Data segment
★ ★ ★ ★ ★ ★ ★
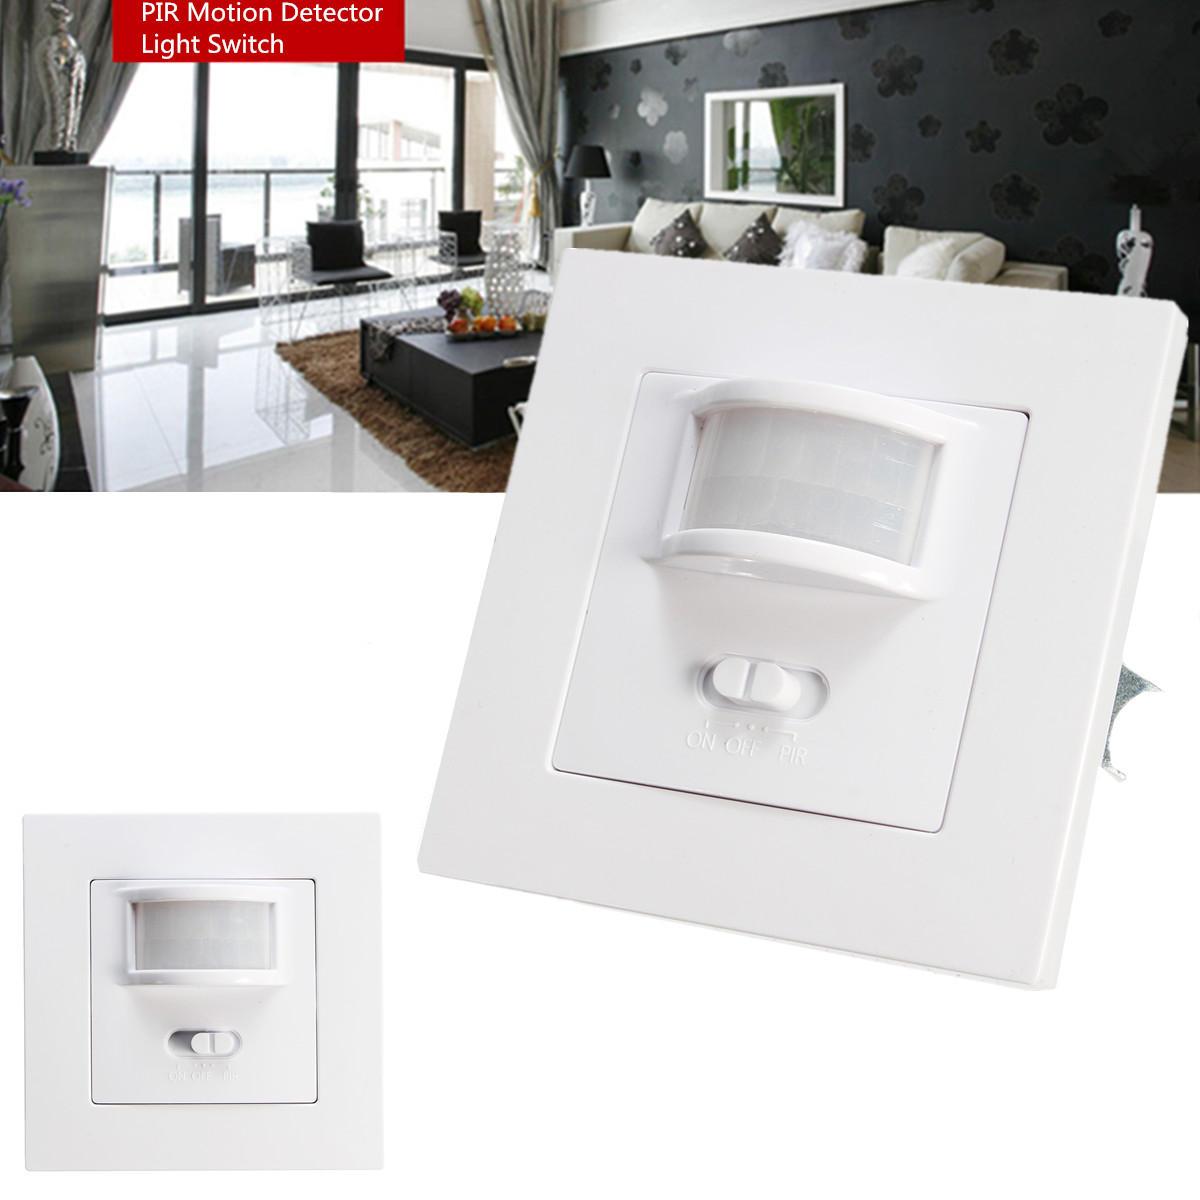 140 Degree Infrared PIR Motion Sensor Recessed Wall Lamp Bulb LED Strip Light Switch AC220-240V
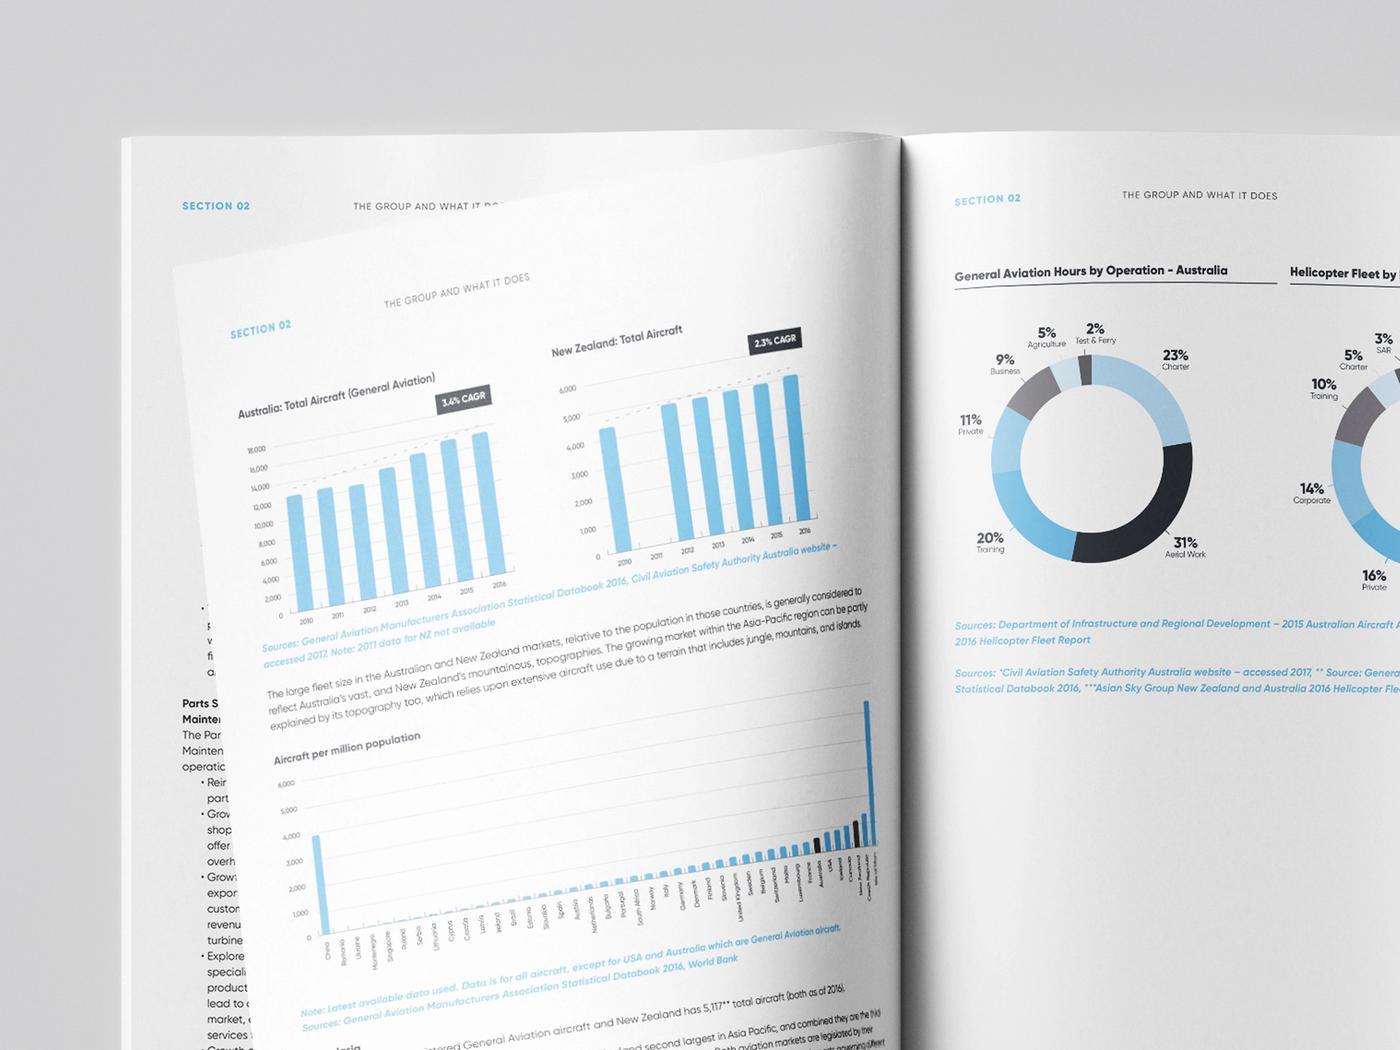 Salus Aviation product disclosure statement graphs
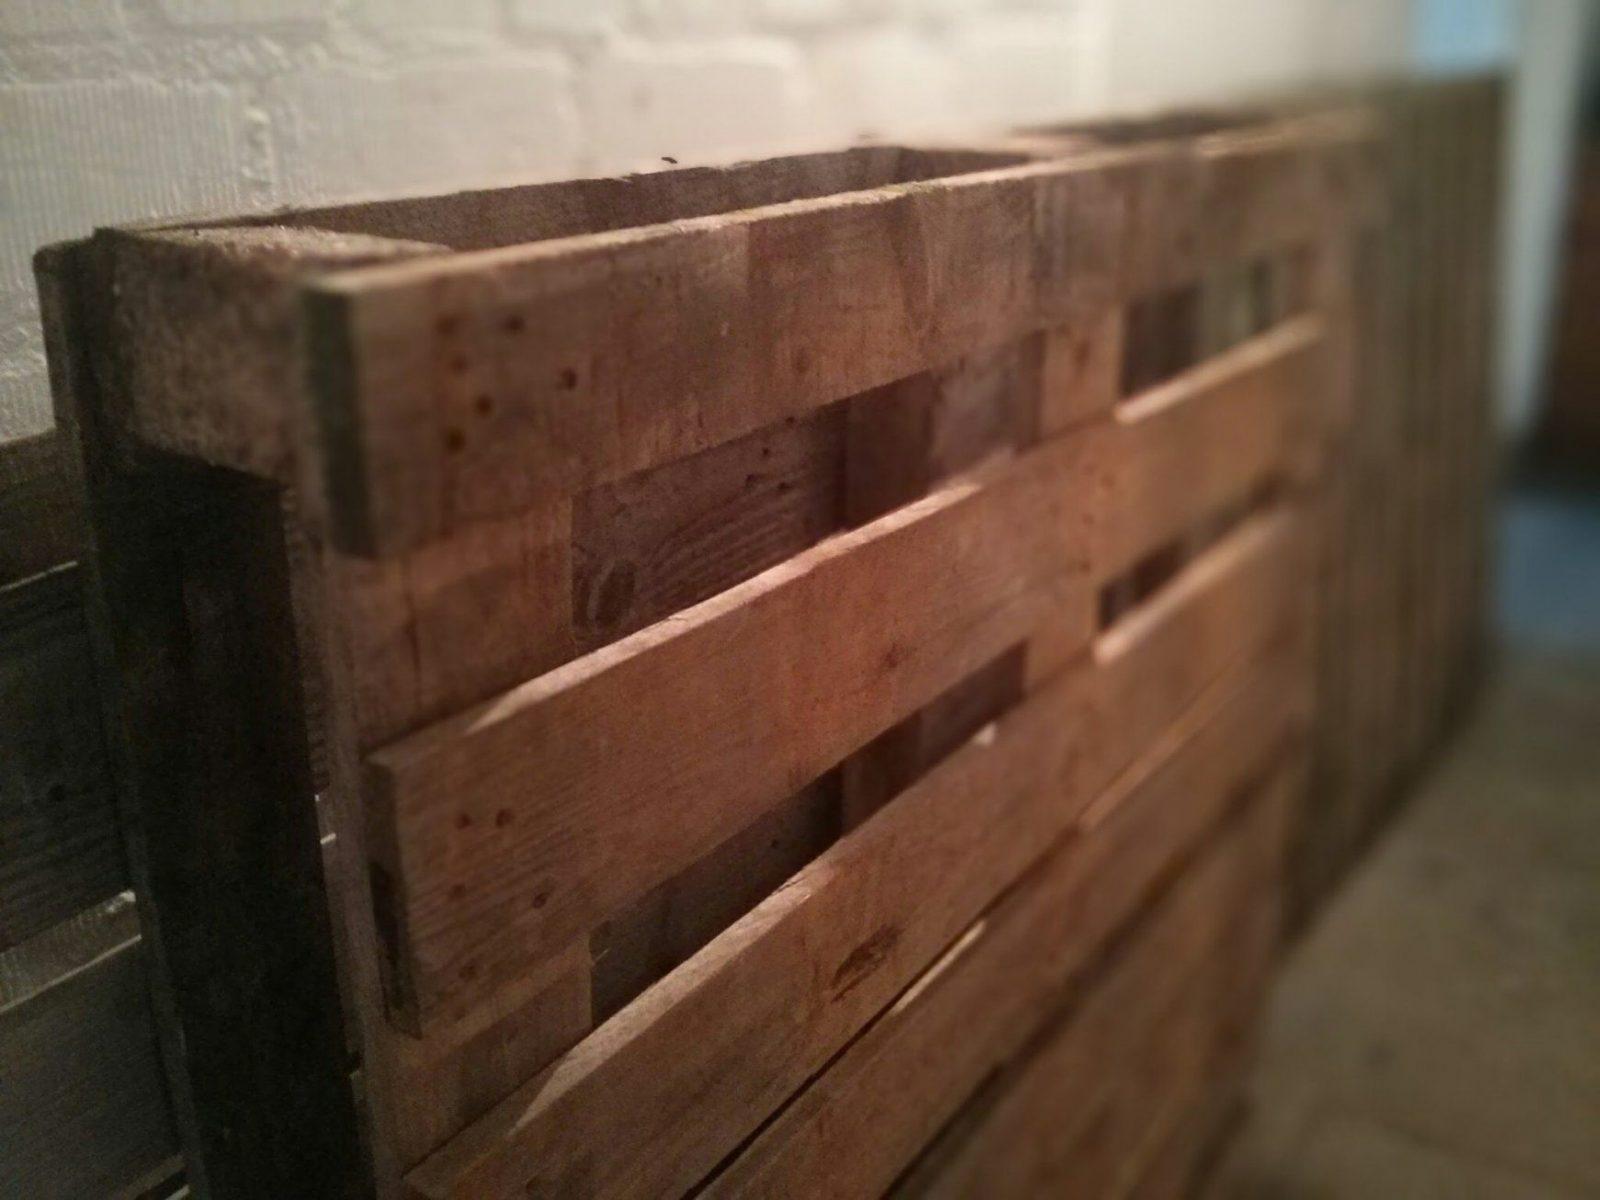 Theke Selber Bauen Holz Mit Candy Bar Selber Bauen Aus Paletten Teil von Theke Bar Selber Bauen Bild
★ ★ ★ ★ ★ ★ ★
What you will do
Without the pictures, write out the whole listing above exactly as it appears.

Expected answer
 140 Degree Infrared PIR Motion Sensor Recessed Wall Lamp Bulb LED Strip Light Switch AC220-240V
 Salus Aviation product disclosure statement graphs
 Theke Selber Bauen Holz Mit Candy Bar Selber Bauen Aus Paletten Teil von Theke Bar Selber Bauen Bild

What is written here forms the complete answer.